Steve is funny in the way that all dads are unfunny to their kids. Still, you make the most of those corny moments because they stifle politics—a topic my wife insists we avoid. I don’t agree with Steve. His politics, I believe, are not only bad for America in general, but also bad for Steve in particular. The feeling is mutual. Steve thinks my politics are somewhere to left of Che Guevara, but that’s only because I’m from California, a state Steve calls “doomed.” Still, Steve and I get along great. We both love Christina, we like our hot wings mild, and comedies screwball. Steve’s near-encyclopedic ability to quote ‘80s comedies makes him a righteous dude in my book.

So it’s pretty easy to avoid politics, or change the subject when the shadow of red and blue talking points casts a dark cloud over brunch. But this year feels different. Recently, my wife and I visited her family in Florida. As we packed, a terrible fear consumed me. Who had Steve voted for in the Florida primary?

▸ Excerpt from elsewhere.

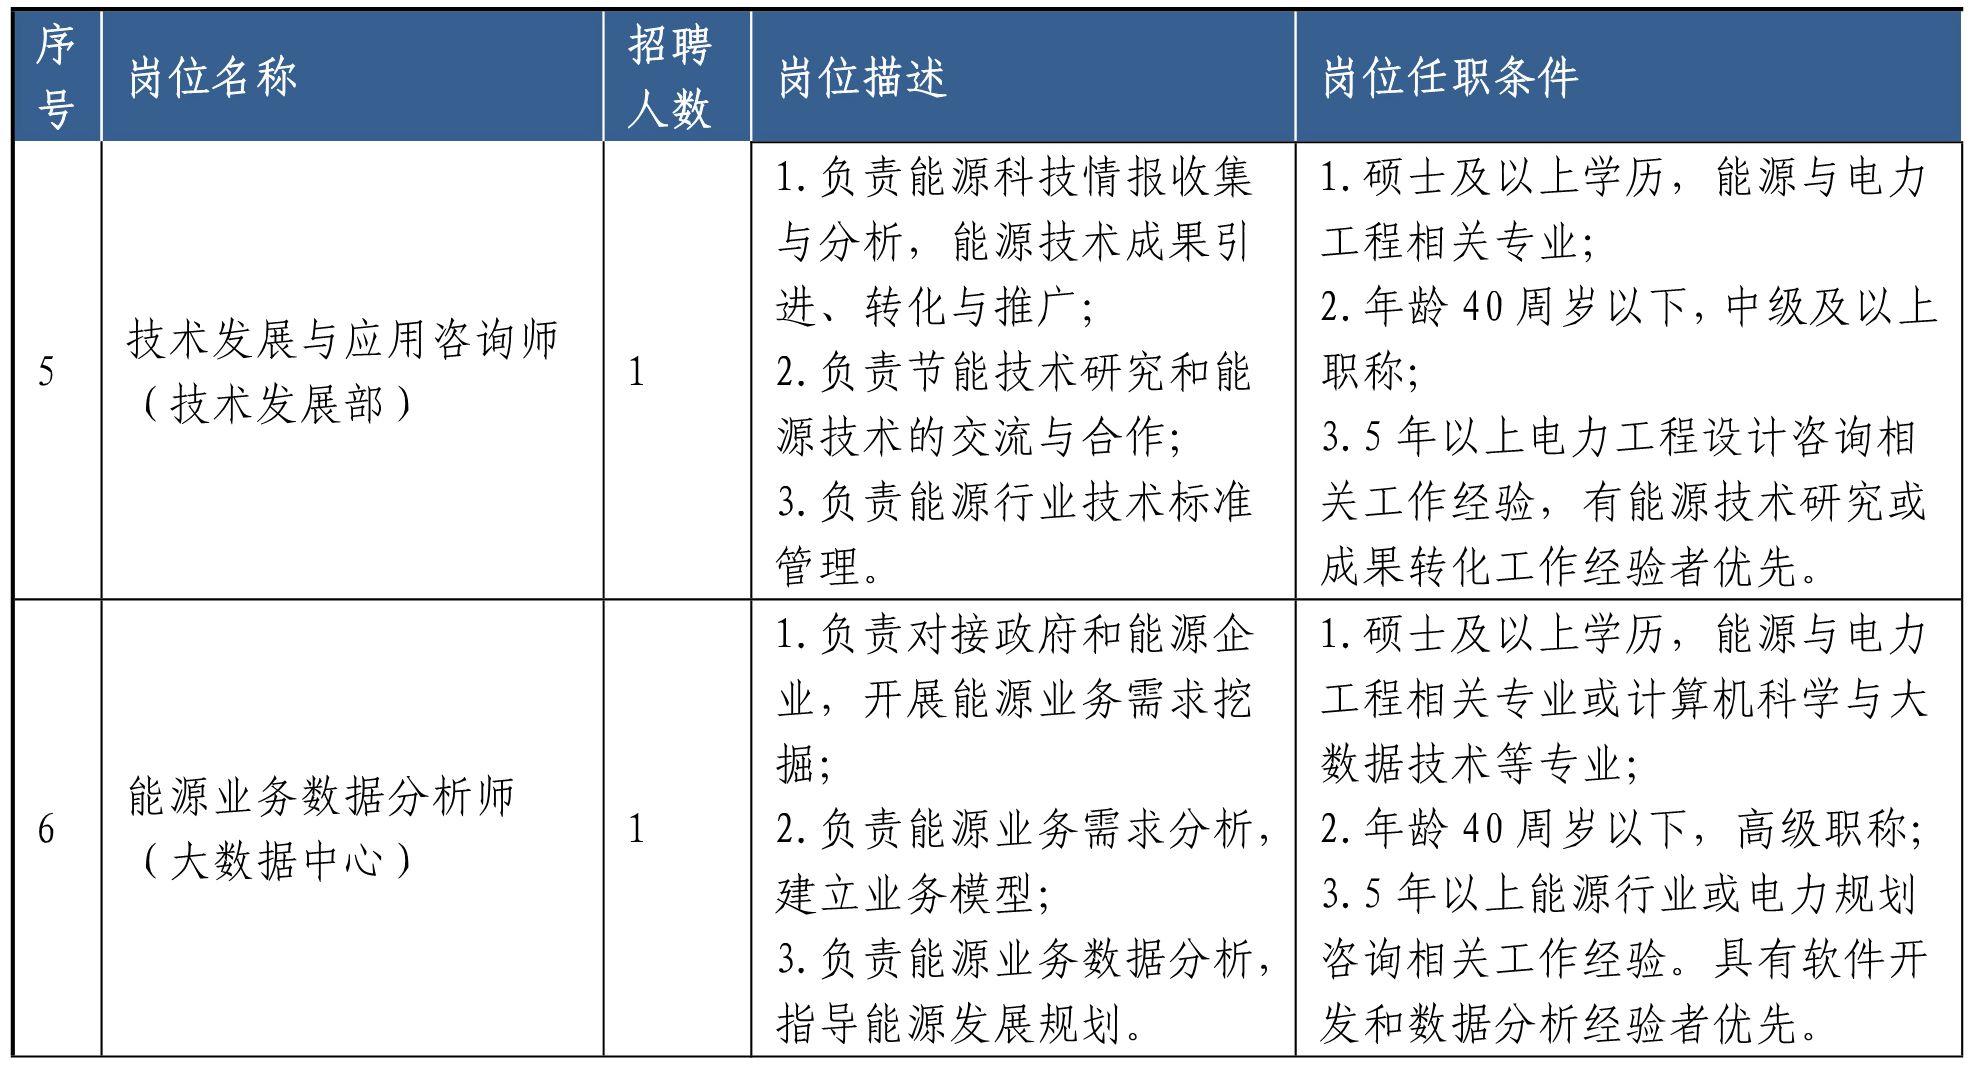 2020年山东省能源规划发展研究中心招聘12人公告2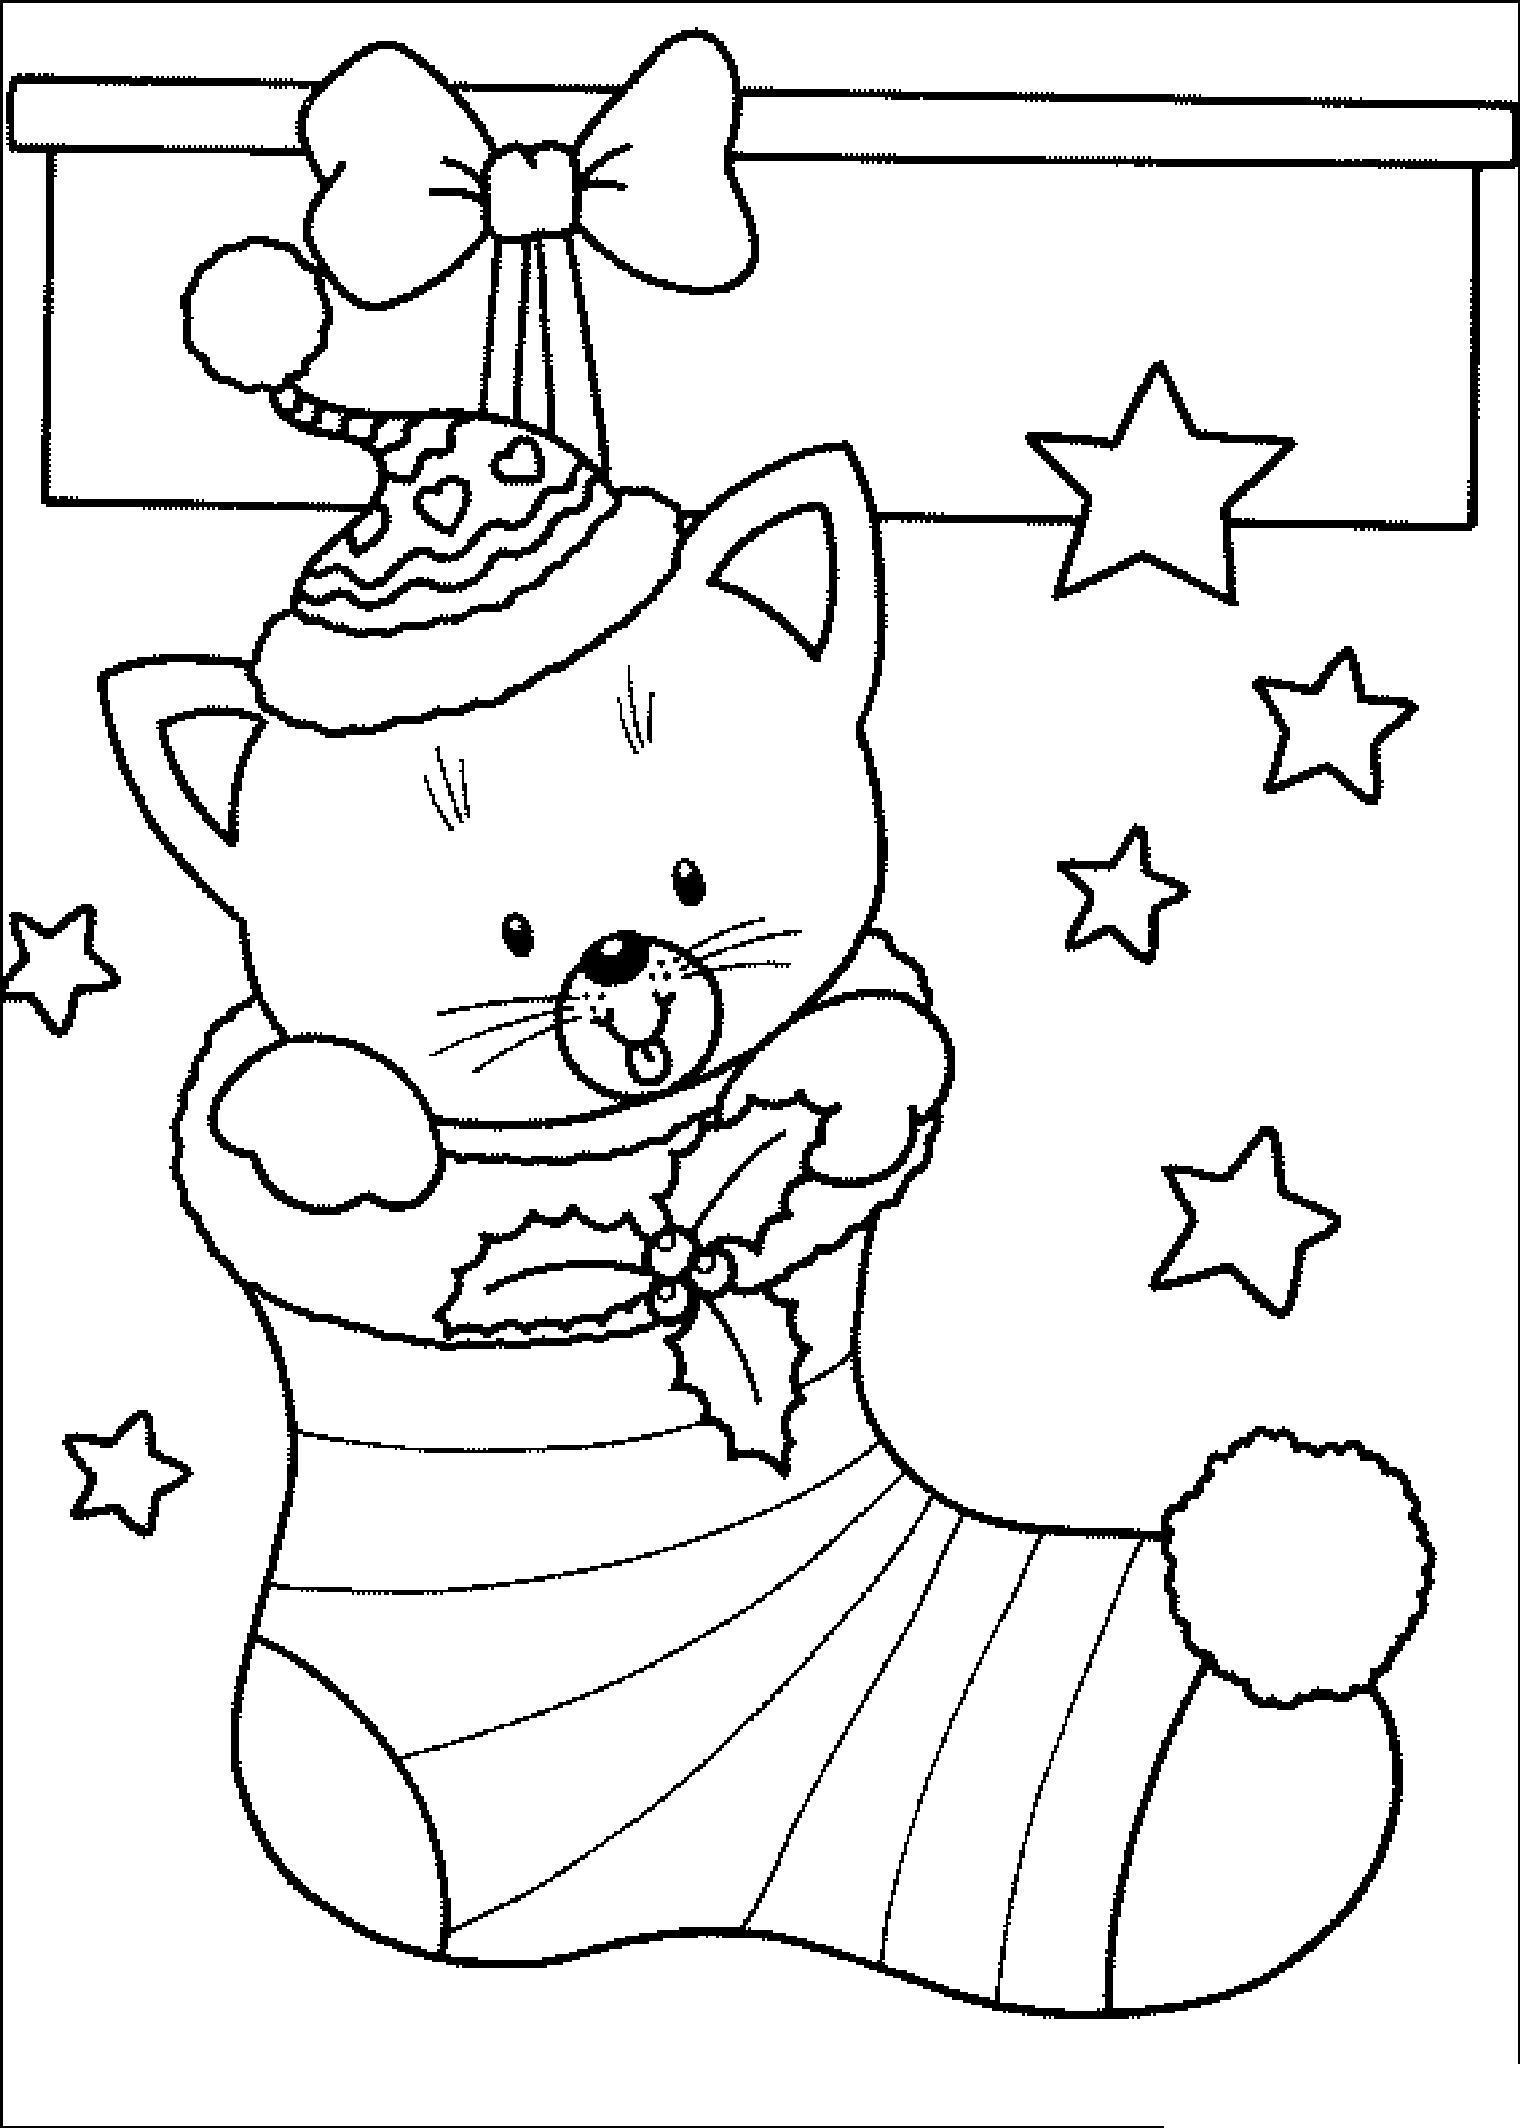 Новый год, котенок в подарок Детские раскраски зима распечатать

“It better not be Trump,” Christina said.

That was my fear too. We consider Trump a demagogue, so the idea of Steve voting for him was troubling in a way that previous votes for Romney, Bush, and the aforementioned better-off-dead McCain never were.

On the eve of our trip, I reminded Christina about the Bob Evans Declaration. When Trump called McCain a “loser” because had been captured during the Vietnam War, we had even joked that Steve might be penning speeches for The Donald.

“You’re dad was way ahead of the anger curve,” I said. “Maybe he’s political savant, like Frank Luntz, only you know, he mostly just tells goofy jokes and eats at chain restaurants.”

Christina looked worried. I phoned my brother-in-law to check.

“I don’t talk politics with dad,” Zach said.

On the plane, I decided I needed a game plan in case Steve turned out to be a Trump supporter. I’d have to say something, wouldn’t I? I’d already vowed that if Trump won the nomination, I’d go door-to-door and donate money to stop him. That is a lot of political action for a guy who usually just votes and tells others to do the same. Yes, I decided, I would have to confront my Trump-in-law. But what could I say? How could I call Steve’s candidate a demagogue without ruining a family trip to Disney World, the happiest place on Earth?

Over buffalo shrimp and iced teas served in glasses nearly big enough to require both hands, we danced around the angry elephant in the room. We talked about the flight and the weather. I studied Steve, trying to imagine him pulling the lever for Trump, or more accurately, flushing America down the toilet.

Back at my in-laws, Steve punctuated his usual criticism of Washington with quotes from ‘80s comedies. I played with Gus, a Scottish Terrier Steve had adopted because George W. Bush had owned the same breed when he was President. Then my phone buzzed with a news alert. Trump had won another primary, but I didn’t want to tell anyone. I had vowed to say something, but when the opportunity presented itself, I picked peace over politics. Maybe Steve was a Trump supporter, but if that was the case, I decided I didn’t want to know.

Then Steve broke the news about Trump’s primary win. I gulped for air. Our nation’s long-running political train wreck had barreled into my in-law’s den.

“You didn’t vote for Trump, did you, dad?” Christina asked.

I looked down at Gus, unable to make eye contact with Steve.

“Cruz.”

Steve spat the Texan’s name like it was a dirty word.

“Only conservative running,” he explained.

Sweet relief! I consider Cruz to be a sampler platter of vile ideas, many of them as dangerous as mayonnaise left to rot in the Florida sun. But still I was elated to discover that Steve had held his nose and voted for Cruz. The demagogue hadn’t fooled my father-in-law! Steve and I could return to our mutual political loathing. To paraphrase Bill Murray’s character from Caddyshack, we’ve got that going for us, which is nice.